Von Kersten Knipp | 21.09.2008
    Die Politik prägte sein Leben, kaum dass er geboren war. Als Karl im Jahr 1500 als Sohn Philipps des Schönen von Österreich zur Welt kam, stand im spanischen Königreich eine Erbfolge an. Da seine Mutter Johanna, genannt "die Wahnsinnige", aufgrund ihrer psychischen Probleme die Thronfolge nicht antreten durfte, rückte Karl schon im Alter von 16 Jahren an die Spitze der Macht.

    Und als Enkel Maximilians I., Kaiser des Heiligen Römischen Reiches, sollte er drei Jahre später auch dessen Nachfolger werden. Eine hohe Verantwortung für einen jungen Mann, den ein Zeitzeuge als eher zurückhaltenden Menschen beschrieb.

    "Im Grunde seines Wesens ist er schwermütig, aber nicht temperamentlos, und seine ganze Veranlagung entspricht dieser Gesamthaltung. Er ist ein sehr religiöser Mensch, sehr gerecht, frei von jedem Laster, und nicht, wie andere junge Leute, der Wollust ergeben. Er kennt auch sonst keine anderen Vergnügungen."

    Als Herrscher über Flandern und die Niederlande bis Österreich, über Spanien, Neapel und Sizilien bis hin zu den lateinamerikanischen Kolonien - ein Reich, in dem tatsächlich "die Sonne nicht unterging" - hatte Karl eine Unmenge an Regierungspflichten zu erfüllen.

    Die Spannung zwischen Königs- und Kaiseramt zieht sich bis in die heutigen Geschichtsbücher: Während sich deutsche Historiker vor allem auf den Kaiser konzentrieren, dominiert in der spanischen Wahrnehmung seine Rolle als König. In beiden Ländern aber erinnert man sich an einen Herrscher, der auch durch ein körperliches Charakteristikum auffiel.
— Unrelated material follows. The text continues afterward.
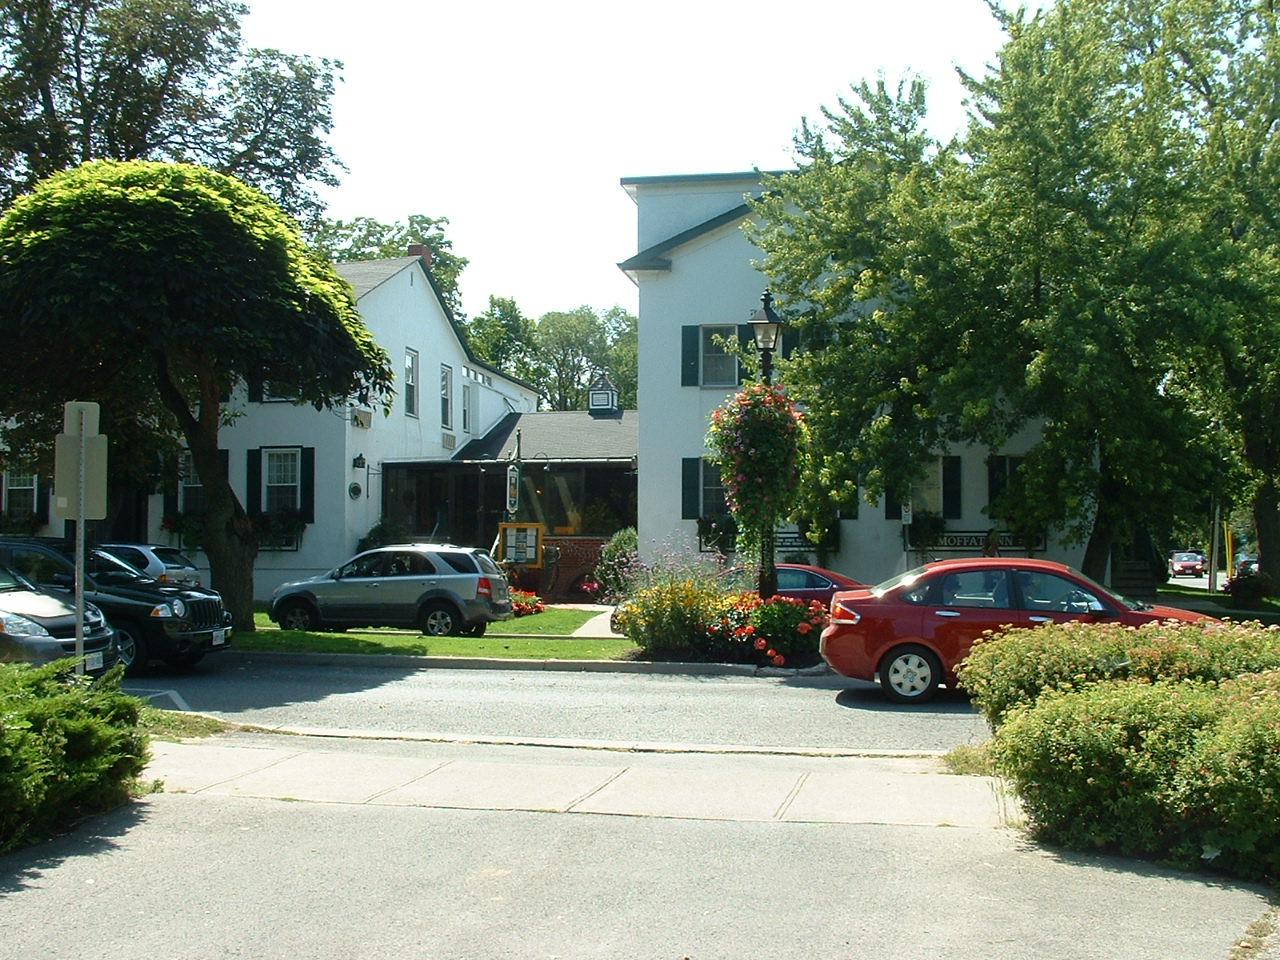 Moffat Inn, Niagara-on-the-Lake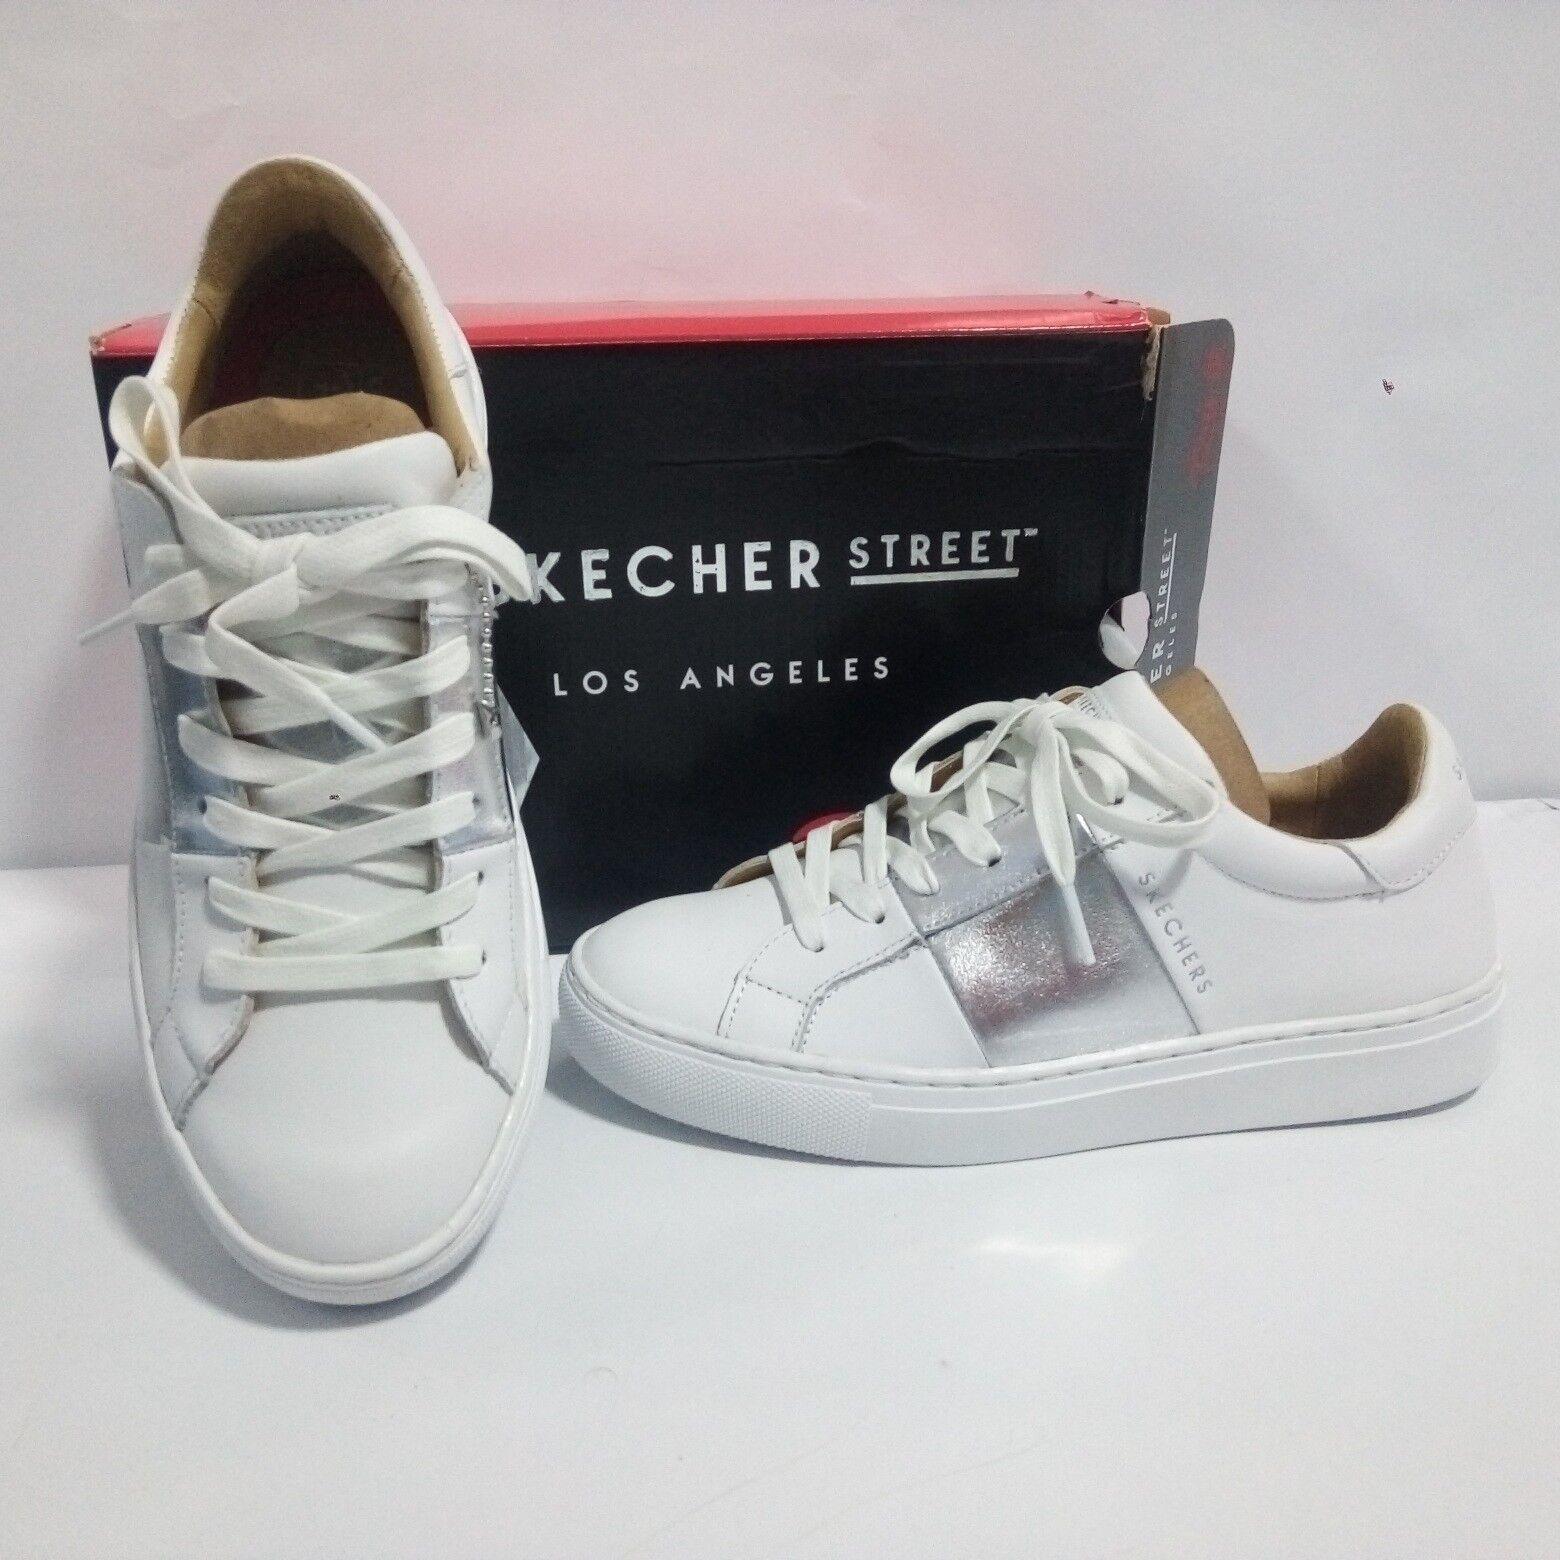 Scarpe Skechers Donna - Side Street 73550 Banded - Bianco - 73550 Street b5f222

Ein Zeitzeuge fand dafür anschauliche Worte.

    "Nichts kann man an seinem Äußeren beanstanden, ausgenommen sein Kinn, oder besser noch, die gesamte Unterkieferpartie, die sowohl zu breit als auch zu lang ist und darum unnatürlich und künstlich wirkt. Deshalb kann der Kaiser beim Schließen des Mundes die Oberzähne nicht auf die Unterzähne setzen, wodurch er beim Sprechen die Worte verschluckt und man ihn daher oft nicht gut versteht."

    Karls Regierungszeit fiel in eine Zeit großer gesellschaftlicher Umwälzungen. So drohte um 1520 ein junger Theologe mit seinen Ideen die ideelle Einheit des Reiches zu spalten. Gegen Martin Luther und seine Thesen wandte Karl sich darum in aller Entschiedenheit:

    "Es wäre eine große Schande für mich und für Euch, die wir durch Privileg und besonderen Vorrang eingesetzt sind als Verteidiger und Schützer des katholischen Glaubens, wenn in unserer Zeit nicht allzeit Ketzerei, sondern auch nur Argwohn von Ketzerei oder Verminderung der christlichen Religion aufbricht durch unsere Nachlässigkeit."

    So unterzeichnete Karl das Wormser Edikt, das über Luther die Reichsacht verhängte. Religiöse Gefechte hatte Karl auch an anderer Stelle zu führen: 1532 marschierte der osmanische Herrscher Suleiman mit seinem Herr auf Wien zu - eine Bedrohung, der Karl ebenfalls entgegentrat.

    "Als erster Fürst der Christenheit, als Beschützer des heiligen Glaubens und der christlichen Religion und in Anbetrachte dessen, dass wir dies Gott, der uns so große Gnaden erwiesen hat, schuldig sind, wollen wir den Verbündeten zu Hilfe kommen und in Eile für diese Große Gefahr und Not Vorsorge treffen und uns befleißigen, dass dieses Land erhalten bleibt und von diesen ungläubigen Feinden und Tyrannen befreit werden möge."

    Unverkennbar argumentierte Karl hier gemäß dem mittelalterlichen Kreuzzugsgedanken - und zwar in einer Zeit, in der sich die Ordnung und das Weltbild des Mittelalters rapide auflösten. Dies nicht zuletzt durch die Entdeckung und Eroberung Lateinamerikas und Teilen Asiens.

    Doch ein so gewaltiges Reich, das dem alten Gedanken der Universalherrschaft so nahe kam wie nie zuvor, überforderte Karls Gestaltungsmöglichkeiten. Der "monarca mundi", der "König der Welt", wie Karl nach einem aus dem Mittelalter stammenden Ehrentitel genannt wurde, vermochte die ihm unterstehende Welt nicht nach seinen Idealen zu formen. Ein politisch und christlich geeintes Erbe konnte er nicht hinterlassen.

    Das machte die persönliche Tragik seiner Regentschaft aus. 1555, nach fast 40-jähriger Amtszeit, trat er darum vorzeitig ab und zog sich, an Gicht leidend, in sein Landhaus im Kloster von Yuste in Spanien zurück. Dort starb der damals mächtigste Mann der Welt und Herrscher über eines der größten Reiche der Geschichte am 21. September 1558.